Another legal observer offers some answers in a letter to the Miami Herald:
“Miami residents are entitled to know the truth about what occurred during the anti-FTAA demonstrations on Nov. 20th...so they can make their own evaluation about the behavior of the police department. Chief Timoney’s letter to the Herald printed on November 30, 2003 (“The AFL-CIO should look inward...”), describing events during the afternoon of November 20th is a work of fiction.
“* The allegation: ‘At this point, without notice or provocation, hundreds of coalition protesters who remained on the street began to attack police officers located at Second Street and Biscayne Boulevard. Assorted debris, projectiles and tear gas were thrown at police...A separate group of police officers began dispersing the violent group.’
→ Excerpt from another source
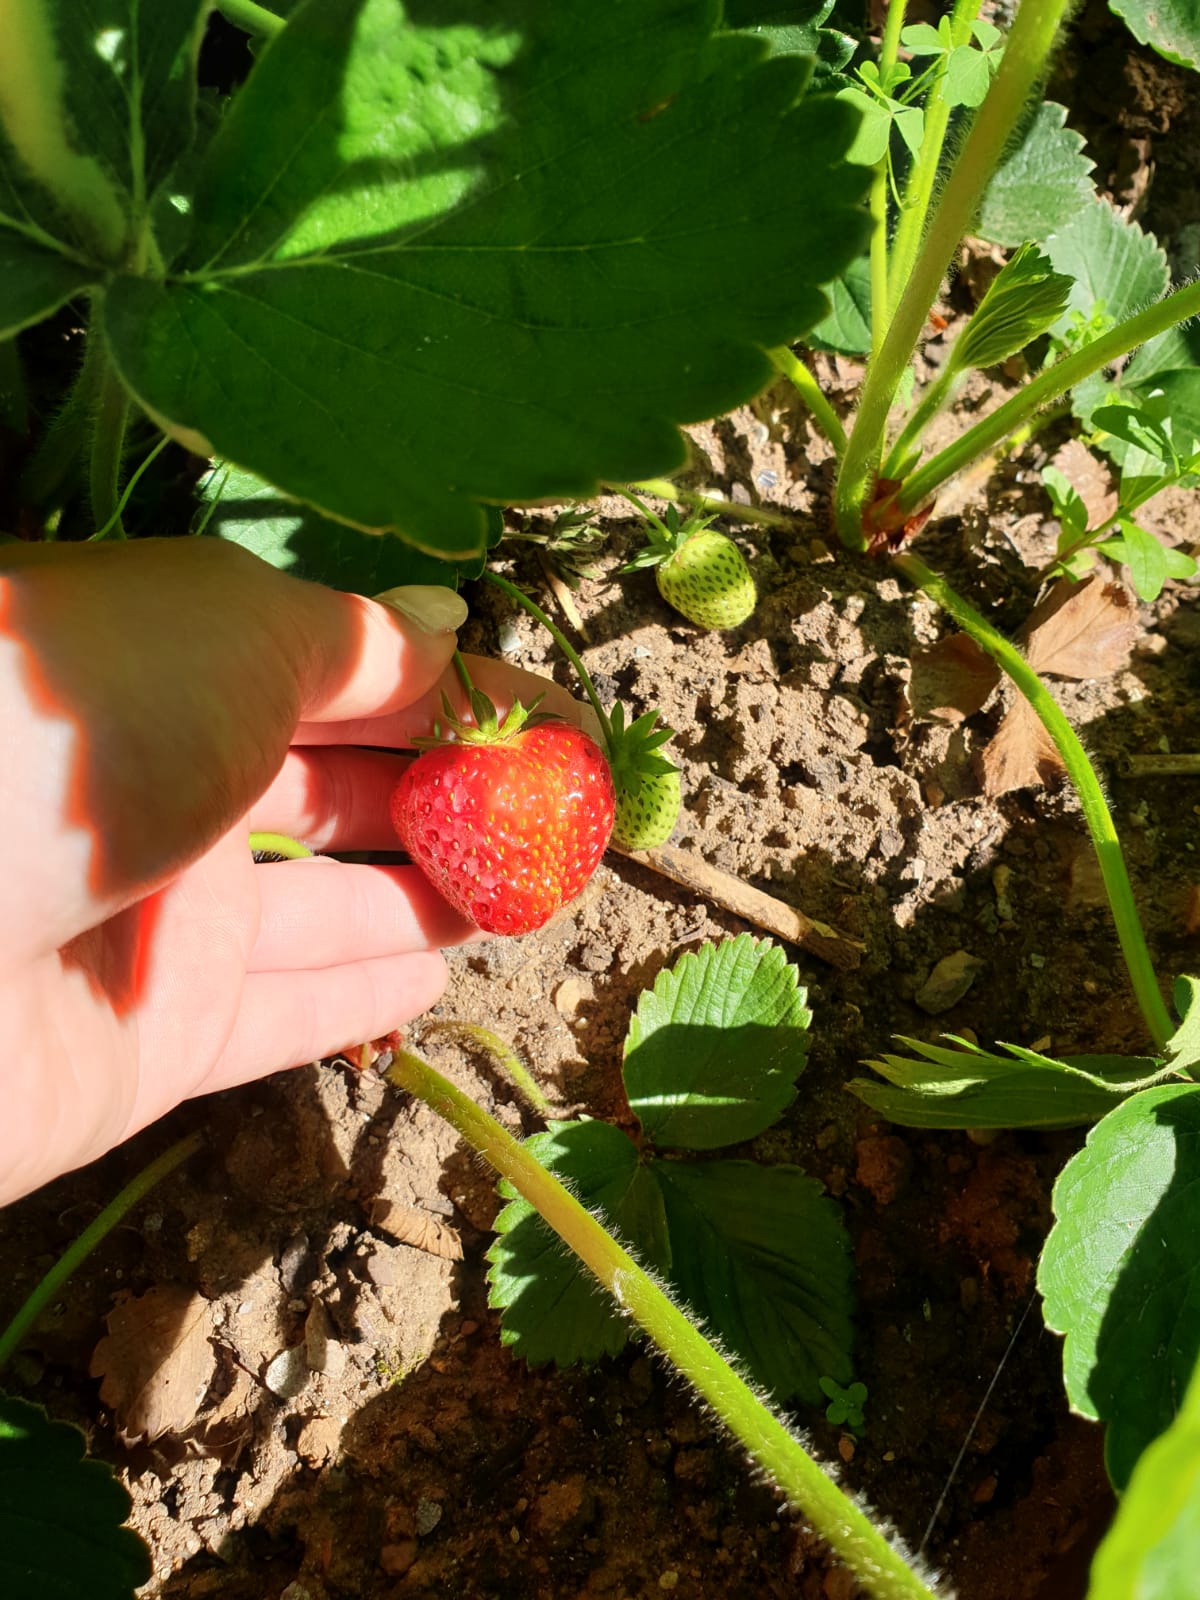 Homegrown strawberries at The Firs Nursing Home in Taunton

“* The truth: At 3:50 p.m., after most of the union demonstrators had left the area..., rows of fully armored and helmeted police moved in formation from a line north of First Street into a crowd of demonstrators who were chanting anti-FTAA slogans. Demonstrators were pushed back by police into crowds behind them. Those who became trapped having nowhere to go were knocked to the ground or beaten by club-wielding officers. At the same time, volleys of tear gas canisters were launched by police stationed behind the lines into the crowd of panicked demonstrators while they were moving away from the advancing officers. When demonstrators fell back, the police began firing shotgun projectiles into the crowd. Hundreds of rounds were fired and dozens of demonstrators were hit and injured. Demonstrators were shot in the head and face by rubber bullets and hard red plastic chemical filled balls. As the crowd of demonstrators dispersed north on Biscayne towards Third Street, the police advance stopped but the shooting continued and more tear gas canisters were fired into the diminishing group. Some of the gas canisters were picked up by demonstrators and thrown back at the police...
“* The allegation: Numerous warnings and orders to disperse were issued by police with little compliance...
“* The truth: At no point in time were protesters warned to leave or given orders to disperse. The police lines moved directly into the group of demonstrators without notice or provocation. Those unable to escape were beaten with police batons.
“The Miami Police Department is not the appropriate entity to conduct an investigation of its own activities. Only an independent and impartial inquiry will determine the truthfulness of Chief Timoney’s statements to the Herald and the public.
“FYI: My recitation of events is from personal observation. I was located directly in front of police lines on Biscayne Boulevard at the time.”